何か仕事をしようとすると、全て人間関係がうまく行かない。自分だけの空間が欲しい。山林に小屋を作り、その後1988年に水の上にも隠れ家を作ろうと考えた。キャビン付きのクルーザーヨットを男の隠れ家にしている雑誌記事を見てすぐに真似をした。クルーザーの新艇は1000万円以上するが中古は車の中古位とも書いてある。琵琶湖周辺は中古艇が格安という。ヤマハ19を買い陸送し霞が浦に運ぶ。船の長さは19フィート。キャビンは狭いが2人なら寝れる。街の明かりがチラチラ波間に揺れる夜のキャビンは淋しくて、男の隠れ家に好適である。何度も泊まった。10年間ヤマハ19に通ったが、隠れ家としては狭すぎる。炊事用のコンロが無い。トイレが付いていない。電灯がつかない。冬の夜はめっぽう寒い。厚いフトンを持ち込むので一層狭くなる。

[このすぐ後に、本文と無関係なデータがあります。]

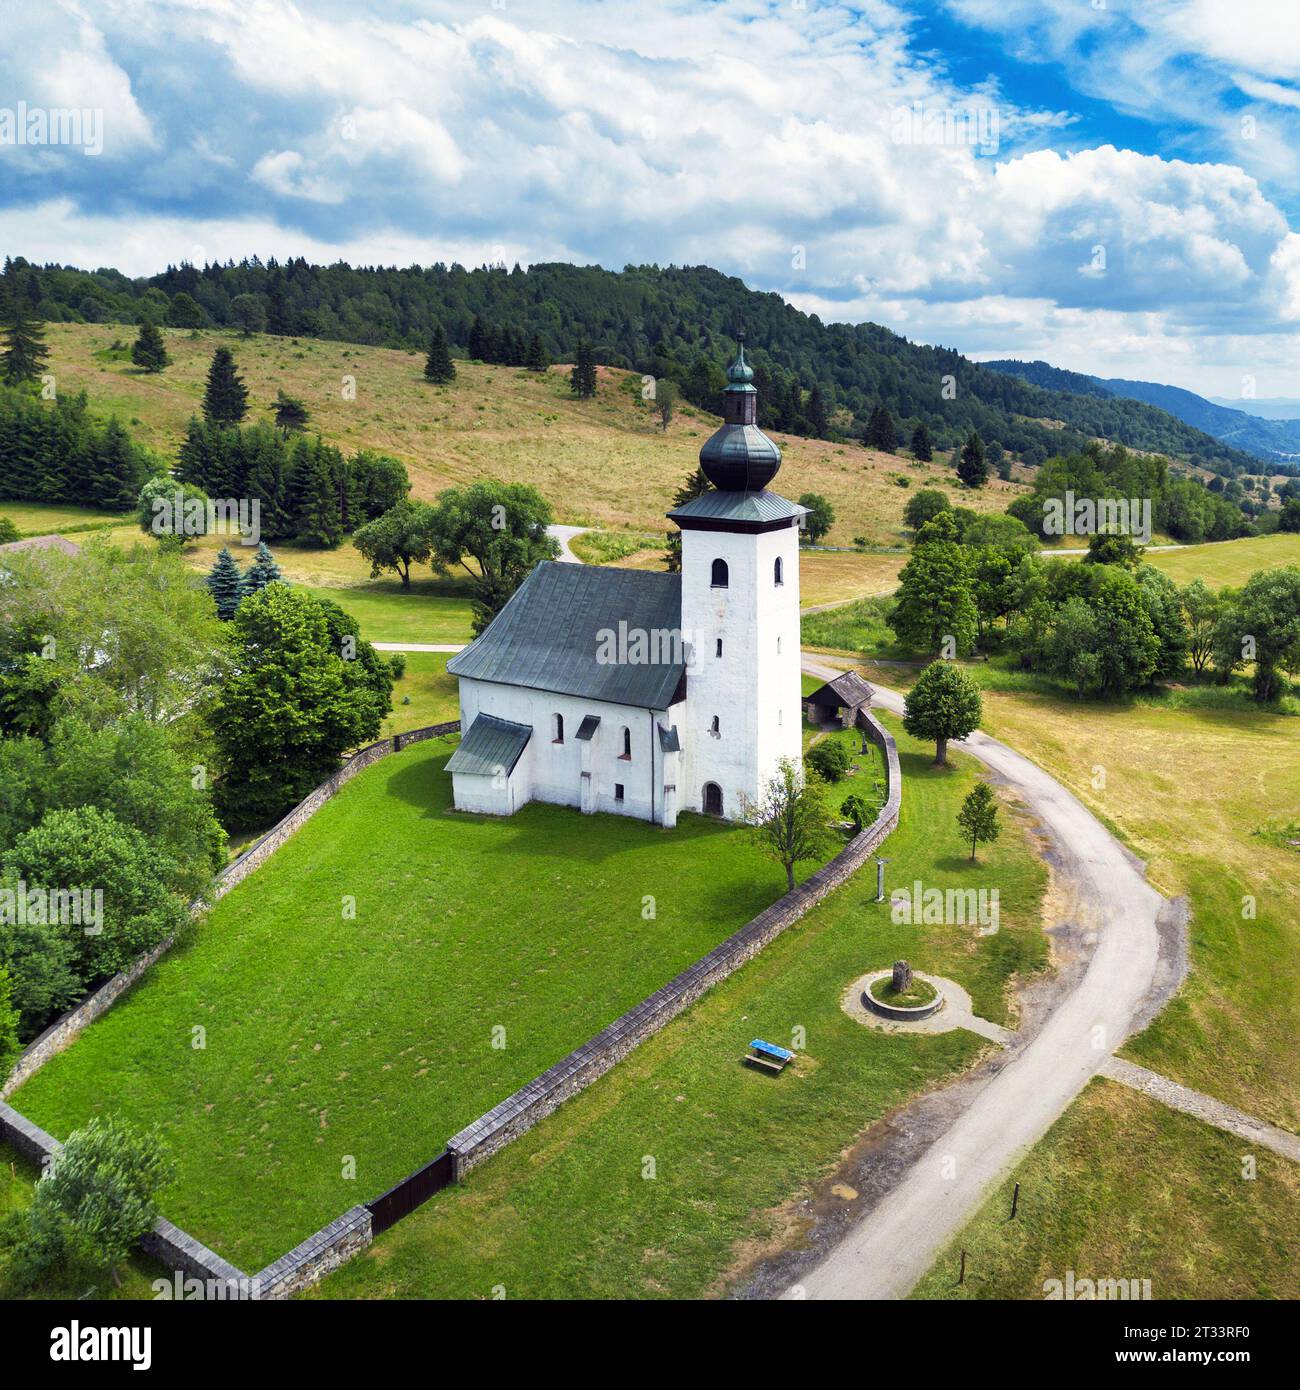 Drone vue de l'église, le centre géographique slovaque de l'Europe dans la localité de Kremnicke Bane en Slovaquie Banque D'Images

1998年に進水後17年のアメリカのクルーザーへ買い換える。長さは26フィートながらキャビンの天井は高く幅広い。32フィートの艇のキャビンくらい大きい。炊事用のコンロが2口と流しが付いている。電動水洗トイレ、夜間航行用のライト、室内灯が完備している。
闇夜に霞が浦へ出てゆくと遥か岸辺には家々の灯火がまたたき黒い水面が夜風に揺れている。独りで出るので暗い湖が何か恐ろしく感ずる。岸の灯火が見えていても怖い。はるか海上遠く沖にでている船の操舵室の孤独な仕事が想像される。
山林の小屋とクルーザーへ隠れ家をもとめて通うことは滑稽かもしれない。しかし山林の小屋もクルーザーも同じような目的で使う。名前は「あけび荘」と「あけび号」となっている。(この項の終わり)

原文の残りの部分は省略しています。